Worth it,I have found the book useful.


----------



## pigmode

Thanks! Just ordered.


----------



## 5aces

Oh,sweet surprise on a Tuesday winter night...
Neighbour from upstairs arrives wearing a long winter parka.
Wants to listen to a song on the Stax,nothing finer than a woman wearing headphones,instant photo op.
Removes long coat,sits down and I proceed to mess up the headphone shot,couldn't focus on picture taking for long...shame on me!
Never this lucky with IEM's!


----------



## LFF

Quote: 





5aces said:


> LFF-if you read this,does Panasonic have new firmware for the LX5?


 


  Yes....there is new firmware out. It allows you to take miniature effect photos. It's easy to install too!


----------



## LFF

Me messing around with post...trying to imitate certain styles...
   
  Original:
   

   
  Dave Hill Effect:
   

   
  Dragan Effect:


----------



## 5aces

*2012 Canadian International Toronto Autoshow Part 1 of 3*


----------



## 5aces

*2012 Canadian International Toronto Autoshow Part 2 of 3*

*Fisker Karma Hybrid*


----------



## 5aces

*2012 Canadian International Toronto Autoshow Part 3 of 3*

 

 

 

 

 



I go to this show every four years or so,
Triumph had an entire floor of vintage automobiles on display.
My favorites were the Mercedes CL-Class Coupe,Callaway Supercharged Corvette and the Hyundai Hydrogen Concept (on this page,third shot).
Shots six and seven are the BMW concept and a Jaguar,on this page.
Part 1 third shot is a Subaru Impreza STI.
Part 2 interior shot is from the huge Mercedes G-Class SUV.
Part 3 interior shot is the CL-Class Coupe.
Hopefully the rest of the pictures have enough signage or badging to be identified. 
Great show with plenty of automobilia for your senses.


----------



## LFF

Just some random shots..
   
  On my way to work at 6:45AM.
   

   
   
  Decided to snap this one while tying my shoe outside of the office. Loved the way it came out.


----------



## 5aces

2012 Elmira Maple Syrup Festival.
So,this thread has come full circle as I attended this festival on Saturday March 31.
Almost a year ago I posted the first outdoor shots with this new camera,almost 9,000 views between LFF and myself continuing to randomly post snapshots!
I have no desire to change or upgrade this compact,it is a good peice of gear. 

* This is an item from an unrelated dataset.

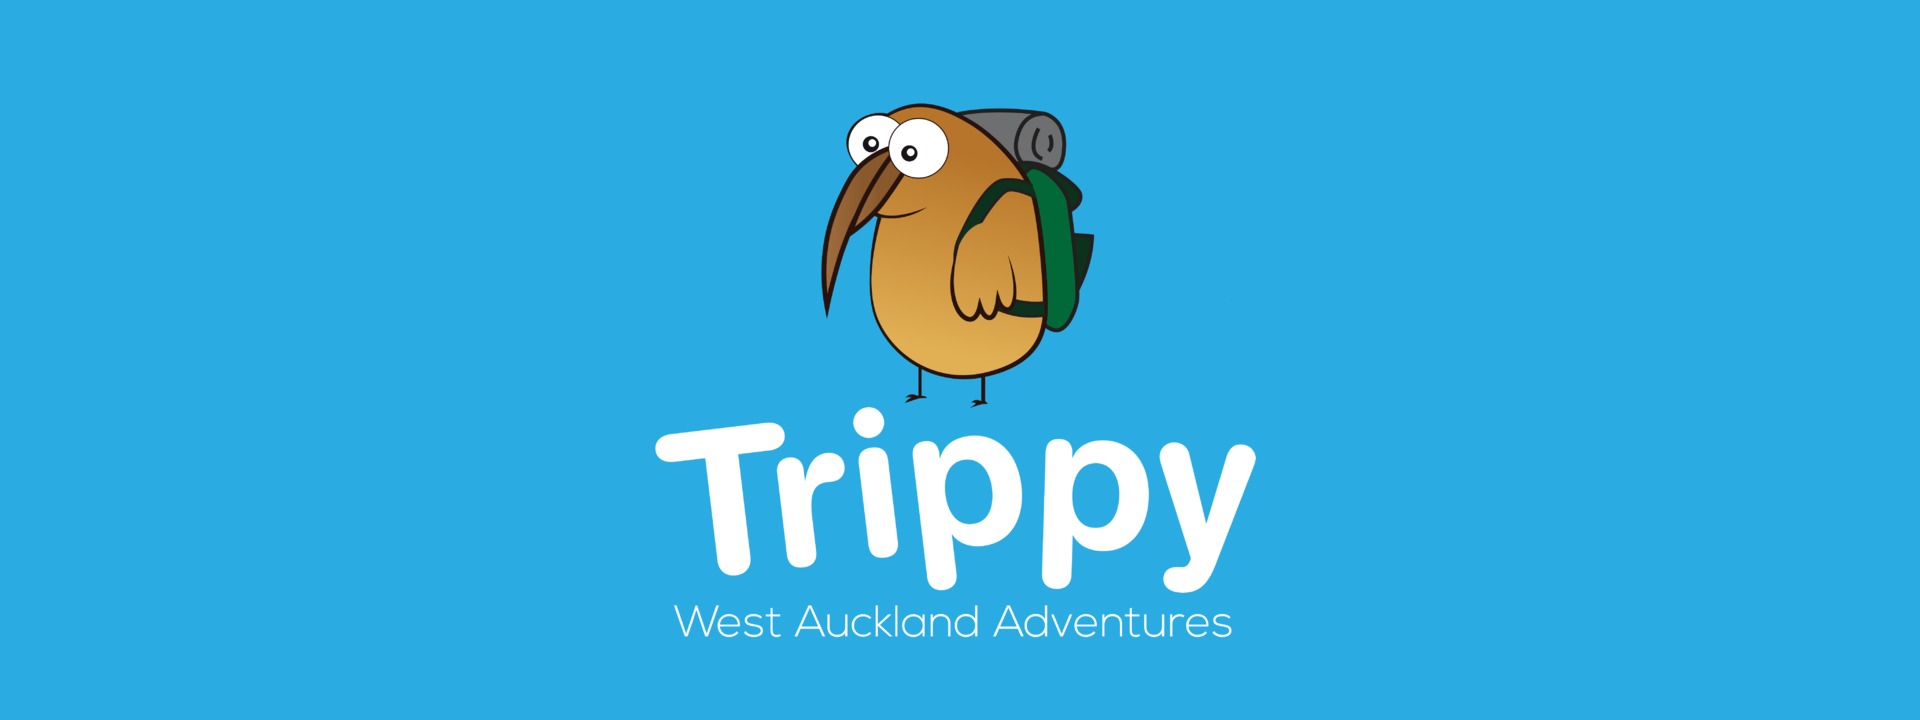 Logo: Trippy - West Auckland Adventures
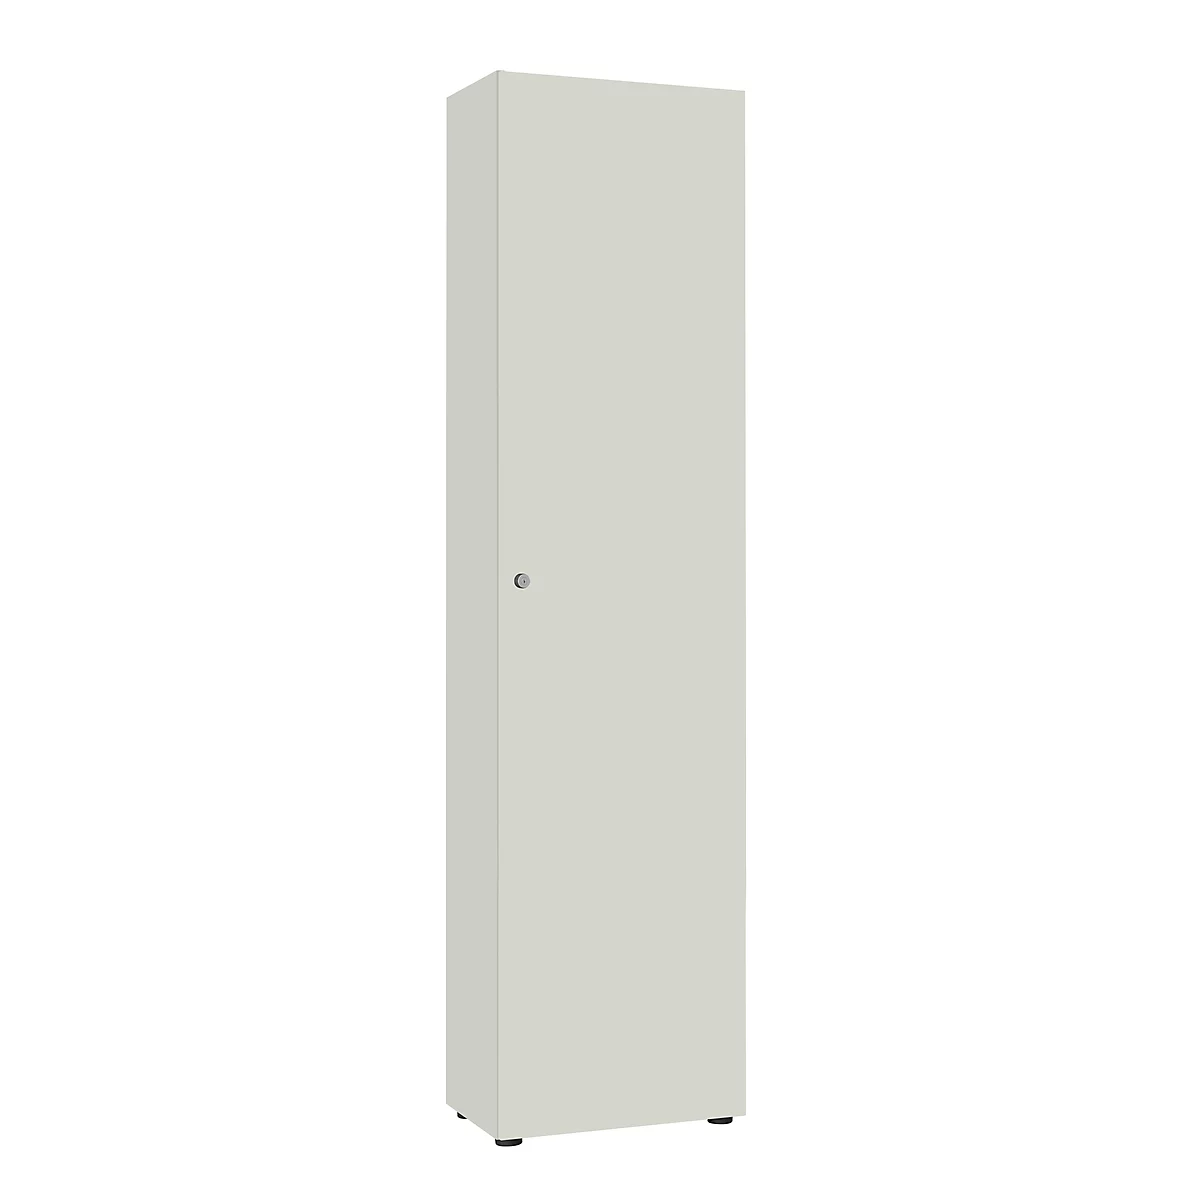 Armarios de puerta batiente 1 puerta, sin cara frontal insonorizante, An 600 x Al 2300 mm, gris luminoso

*Here is a small cube van containing Toronto's famous (once found only at the CNE fair) Tiny Tom Donuts.
"Where Bite Size is the Right Size" small cake donuts are made right before your eyes on special equipment,preceeding all the large donut chains of today.
Over 50 years of history,still run by the same family...*


*Finally got a shot of the volunteer pancake chefs,hard to get as the lines of people usually block any view of these guys!*


*Two large flapjacks,saturated with real maple syrup and whipped butter.
Like a foolish child,I ordered two plates and could hardly move after eating...*


*Inside the tent I watched a young mother who was shepherding six young nieces & nephews through the meal tent sit down and then on to the sugarbush wagon ride.
She caught me watching and asked "did you enjoy my performance?"
It is a rite of passage for any niece or nephew once they turn 4 years old to join the Aunties crew and attend this festival.
I gave her a round of applause but didn't go so far as to photograph her in action,which was fun to watch!*



*A cold,overcast day for the street vendors.
We buy maple syrup,fudge,summer sausage,jerky and small meat sticks every year from the Mennonite community.*


Alas,over the course of this past year I have had serious eyesight setbacks and continue to struggle to see each day.
Listening to music really got me over this hump.
Most of my shots are "point & pray" which leads to some poor composition,no fault of the camera.


----------



## thedunnyman

Always think Leica are not worth the money


----------



## 5aces

thedunnyman said:


> Always think Leica are not worth the money




Now your thought is preserved for eternity.

Most are familiar with the millionaire that lived a frugal life.
Or the well meaning parent that was forever a buzzkill,quoting "but you can do it so much cheaper at home".
Well meaning friends,pointing to other options "that do the same things better for less money".

Is the Leica worth the money,does it stand the test of time and encourage a move up in the brand line?
Another year left on the D-Lux factory warranty and yes,one day I want to own an M9-P body.
Presently,I am content with the D-Lux but will be saving for a better Leica.
As I look today at the Vistek webpage where I've purchased before,the Leica M9-P is on 'sale' for $8,500 - a long way from the $800 D-Lux 5.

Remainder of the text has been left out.